Il perno centrale dell’opera sta nel rapporto tra un uomo e una donna e lascia immaginare un’interpretazione magistrale tra due attori che si confrontino sul quotidiano della convivenza. Il fatto che i due appartengano ad una fascia d’età in bilico tra la gioventù e la piena maturità rende l’allestimento ancor più interessante. Daniele Pecci e Federica Di Martino sono un cast perfetto.
Punto ad un testo che contempli un "passo a due". E questo già sarebbe un percorso "differente" dal testo originale. Però non vorrei perdermi gli effetti e le suggestioni che il mondo esterno produce su quella coppia. In questo caso poi, vista la disponibilità dei due talenti, si rifletterà su comportamenti e routine di una coppia più giovane dell’originale.
L’altro elemento di novità d’approccio, sarà quello di contestualizzare la storia nell’Italia contemporanea. Una delle cose che più mi ha colpito nella rilettura del testo è il fatto che la protagonista femminile si occupa di separazioni (lavora presso uno studio legale). Questo è un elemento molto interessante per lo sviluppo delle testimonianze "esterne" che possono affacciarsi sul quotidiano della coppia: esattamente come proponeva Bergman.
Da qui vorrei quindi modificare la professione del protagonista maschile: un professore universitario non ha più le stesse valenze di quando è stata scritta e proposta al pubblico l’opera… Cercherò un lavoro che consenta tutti gli snodi a servizio del personaggio ma con la modernità dell’oggi: che so?
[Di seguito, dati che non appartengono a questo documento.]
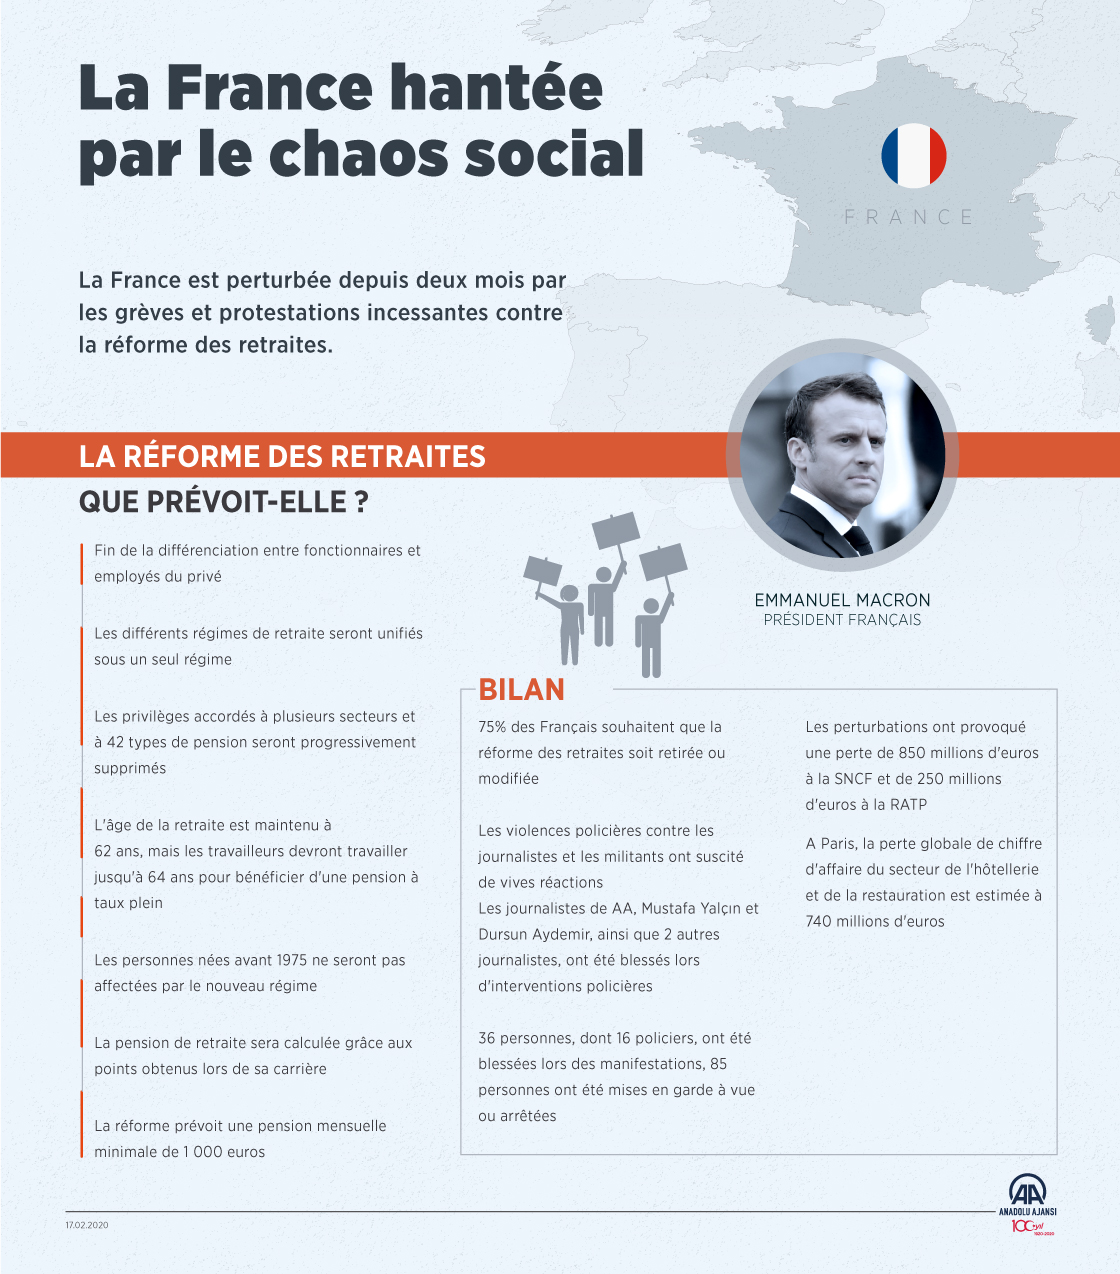 [Infographie] La France hantée par le chaos social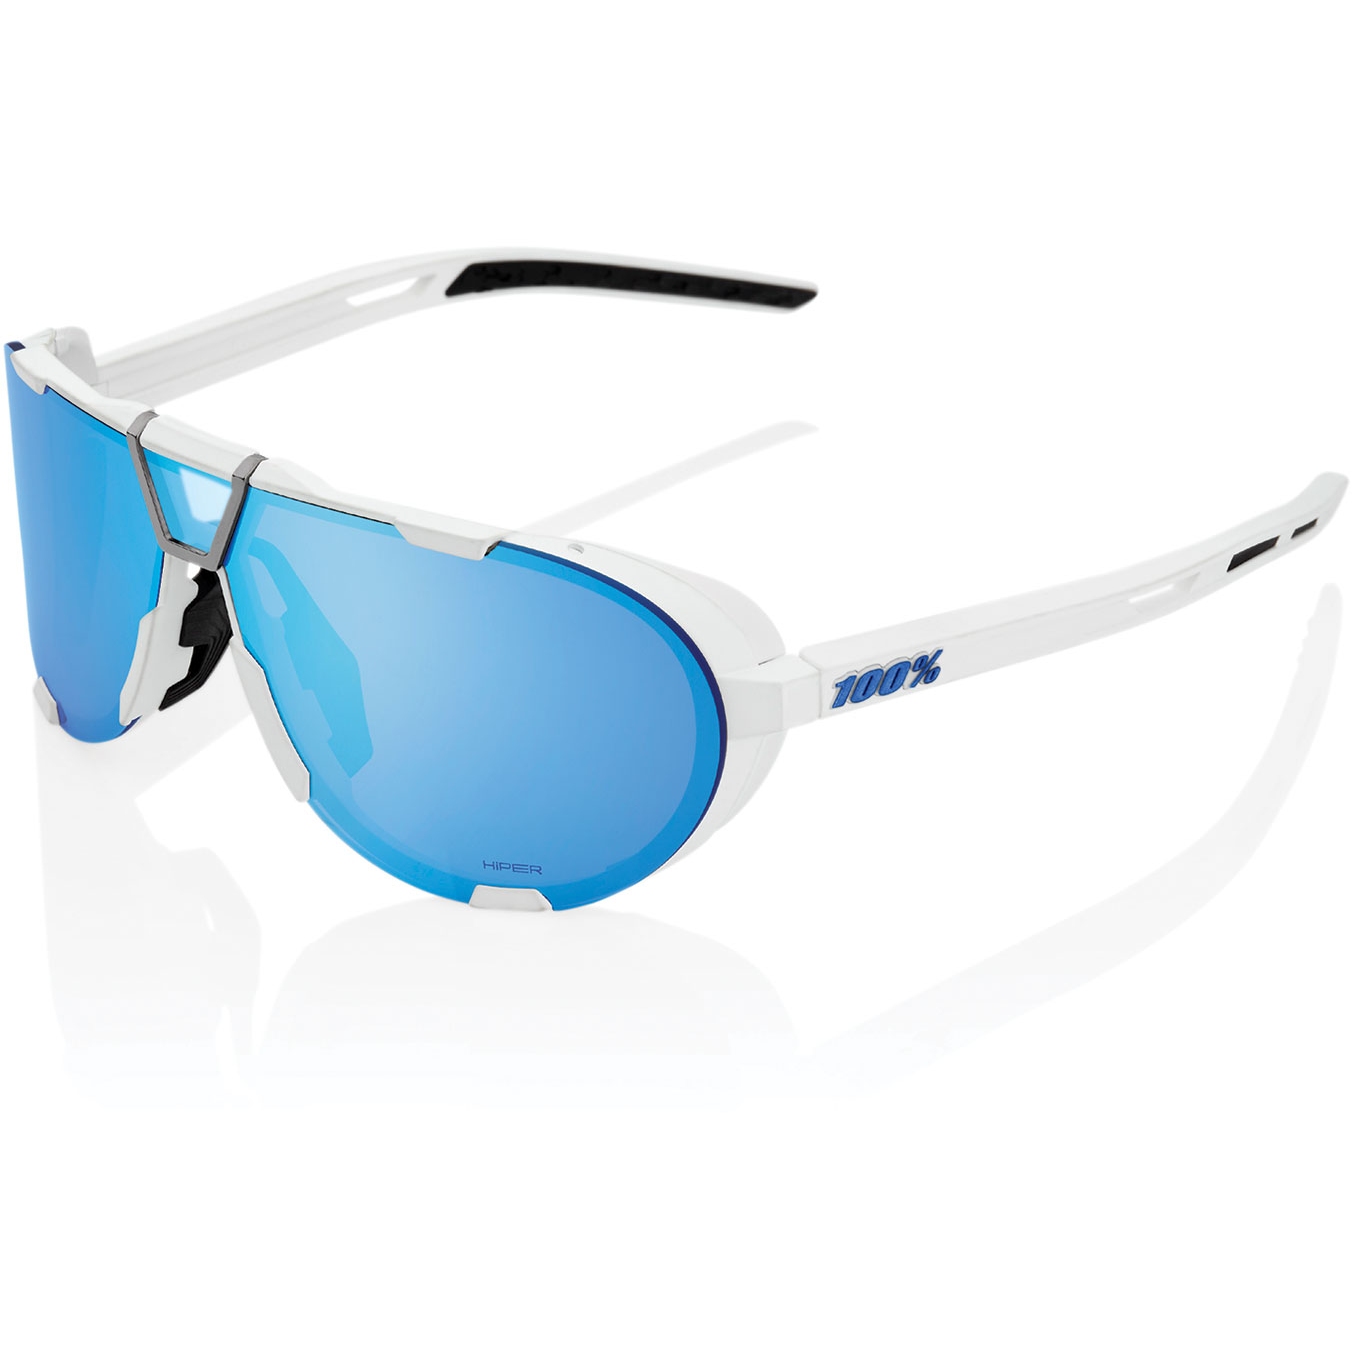 Produktbild von 100% Westcraft Brille - HiPER Mirror Lens - Soft Tact White / Blue Multilayer

Uno che si occupa di ricerca nel settore delle energie alternative? Sarà comunque un lavoro che obbliga il personaggio a rapide e frequenti assenze.
Diventa evidente che, nonostante i cambiamenti, i due personaggi restano in quel medesimo limbo sociale descritto da Bergman: una media borghesia, colta e progressista, che resta imprigionata nella propria ideologia "politically correct"… Questo è un altro elemento che trovo estremamente interessante. Tutto lo sforzo e l’autocontrollo, entrambe dolorosi, che i due sono costretti a mettere in campo nel cercare di essere "civili" nella crisi.
Un testo dove non ci sono urla e grida tipiche di quel tipo di situazioni, ma dove al contrario si cerca di trovare un equilibrio davanti all’ineluttabilità del danno…In tutto questo diventa evidente l’aspetto ironico, già suggerito dal testo, ma che riportato tra i nostri comportamenti "mediterranei" si va a modellare ancor di più sui due personaggi. Su quello femminile nella paura non del tradimento in sé per sé, ma del subirlo davanti ad una "competitor" più giovane; in quello maschile sulla propria inadeguatezza a gestirlo con una nuova partner con i bisogni e i comportamenti di una generazione diversa…".